Got you. Thanks, Dave, Todd, and Jim.

Hi, it's Maxi filling in for George. Could you share your thoughts on the shifting competitive dynamics in the industry due to recent innovations, and whether the latest deals in this area offer the chance to advance into later-stage research services?

Yes, I understood that. You mentioned it quickly, but the consolidation on the clinical side of the business is similar to what we've seen and actively participated in on the preclinical side. As you know, we have 12 different sites and about eight or nine acquisitions in the Safety business. That entire sector is closely linked with acquisitions and industry consolidation to enhance our scientific depth, capabilities, and geographic reach. You are observing and will continue to see the same trend in the clinical space.

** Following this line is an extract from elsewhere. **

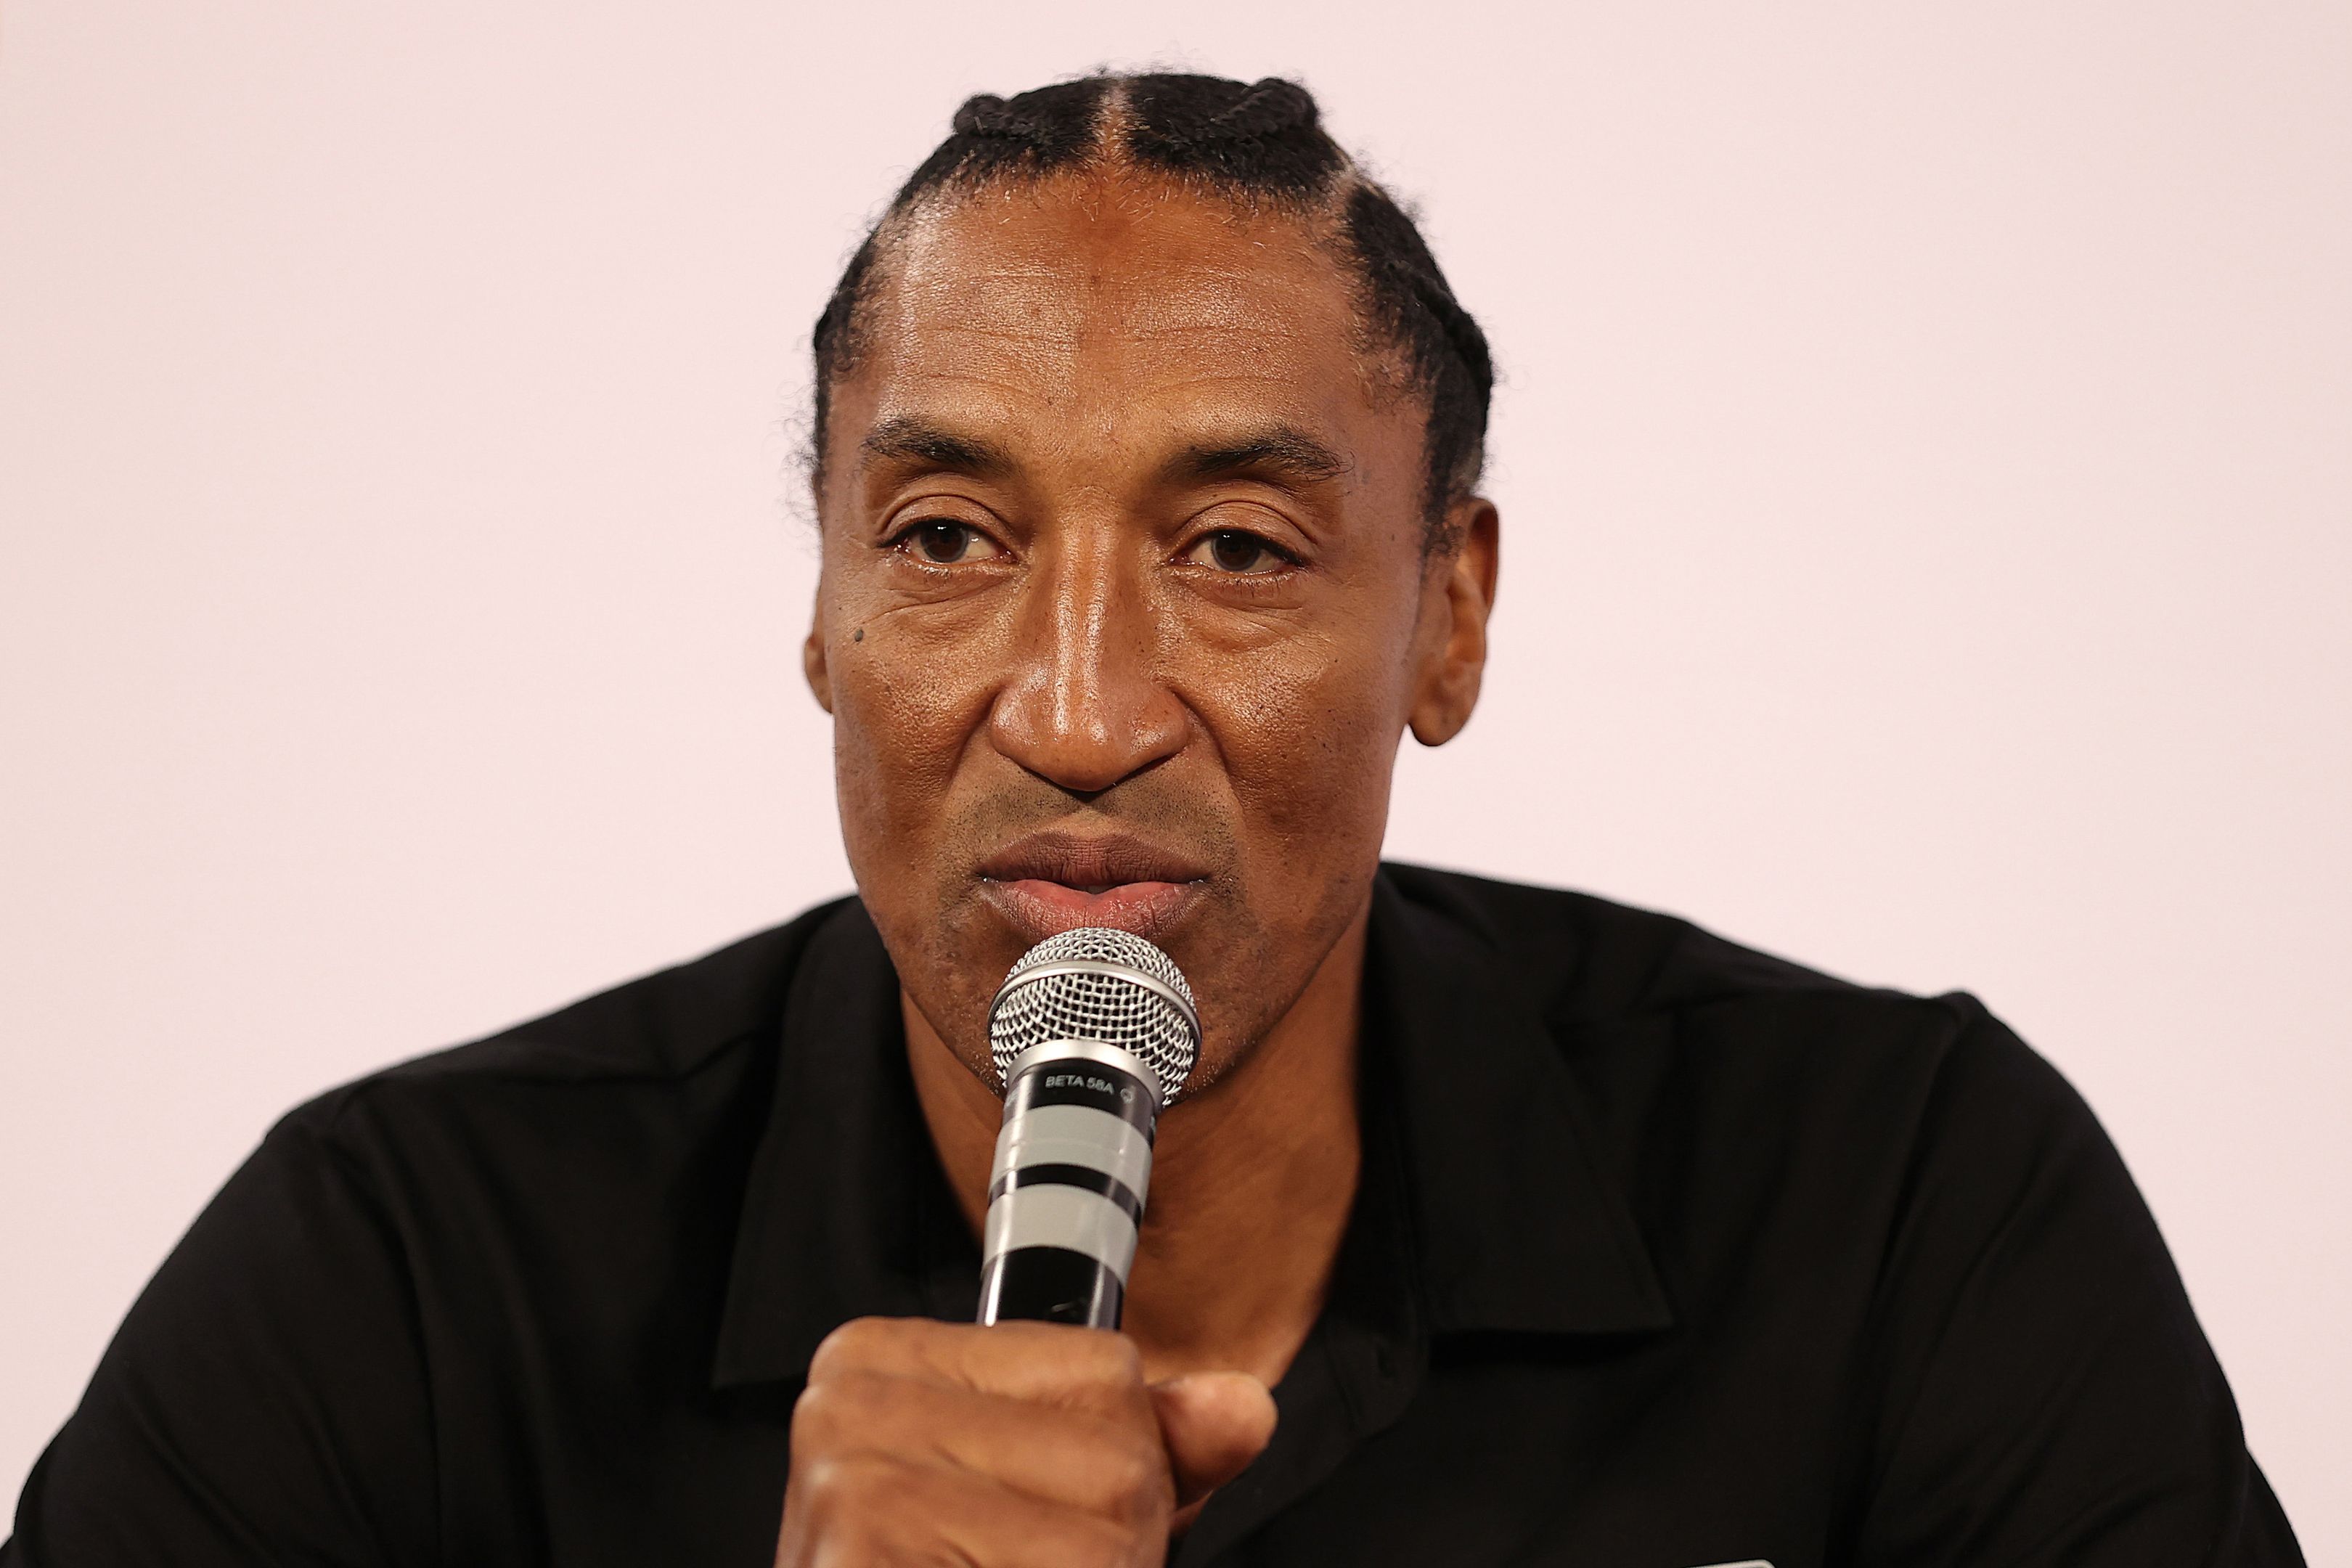 'Doing more harm than good': NBA legend Scottie Pippen takes swipe at All-Star game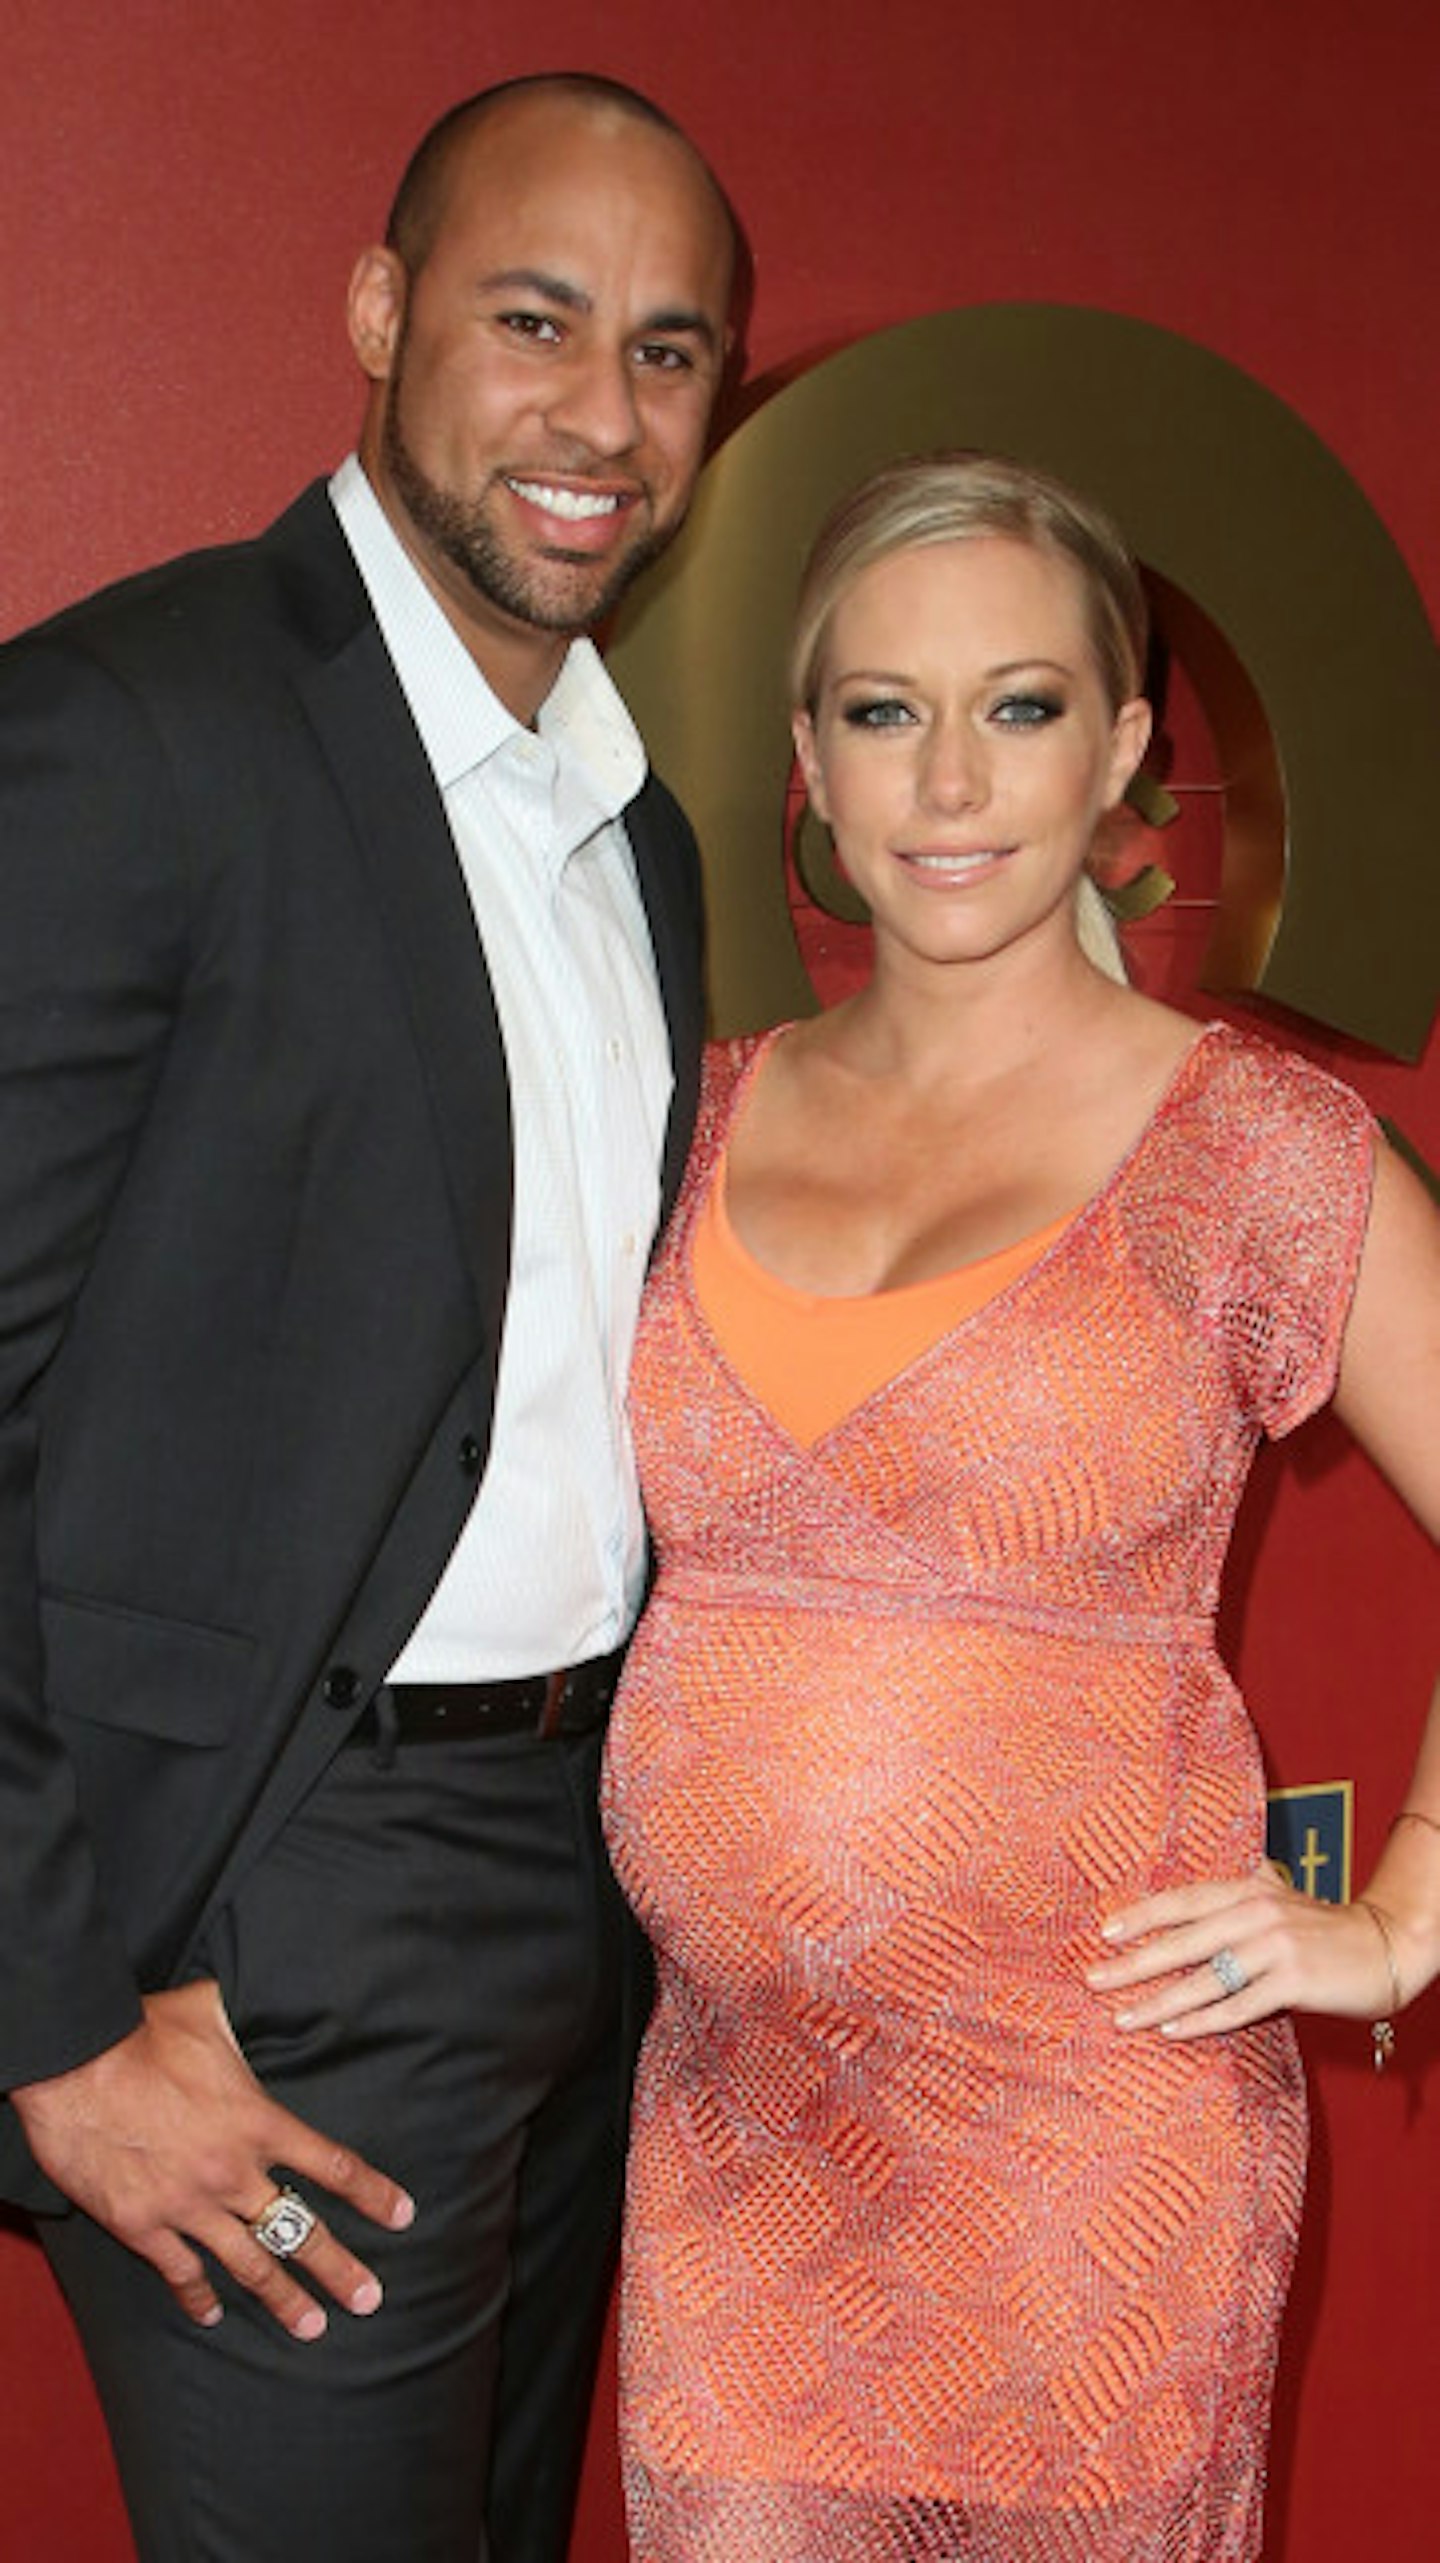 Hank cheated whilst Kendra was pregnant

Now that it's started, I expect it to progress. I’m not sure where it will lead, but it could end up with two or three major players. Regarding what this means for us, we consistently monitor the clinical sector. We previously had a small clinical CDMO capability, which we divested due to its limited scale, but now we are re-entering through cell and gene therapy. So we have two major initiatives: one in the CDMO space and the other in the clinical space. We have tentatively stepped into the CDMO area and find it promising, particularly in cell therapy. On the clinical side, we could also pursue that, but it doesn't seem there is client demand at this time, and I don’t think we should consider such a move unless clients express interest. The only company with both clinical and preclinical capabilities is Covance, and I believe that has not proven successful; clients do not tend to engage with them based on that offering nor enter contracts for comprehensive preclinical to clinical work, which takes years. We haven’t discussed collaborating with clinical CROs about integrated services in the past decade, nor has anyone ever approached me for partnership. While collaborating could enhance our share of client spending, clients currently don't seek that from us. Until that changes, I don’t see a reason for us to join forces with others who have clinical capabilities. However, I’ve learned never to rule out any possibilities entirely. I don’t know at what point client demand will shift to prefer one company or multiple companies for both services. If that occurs, we will consider it.

Well, that concludes the call today. Thank you for joining us on the conference call. We look forward to speaking with you during our upcoming investor events, including our virtual Investor Day on May 27. This concludes the conference call. Thank you.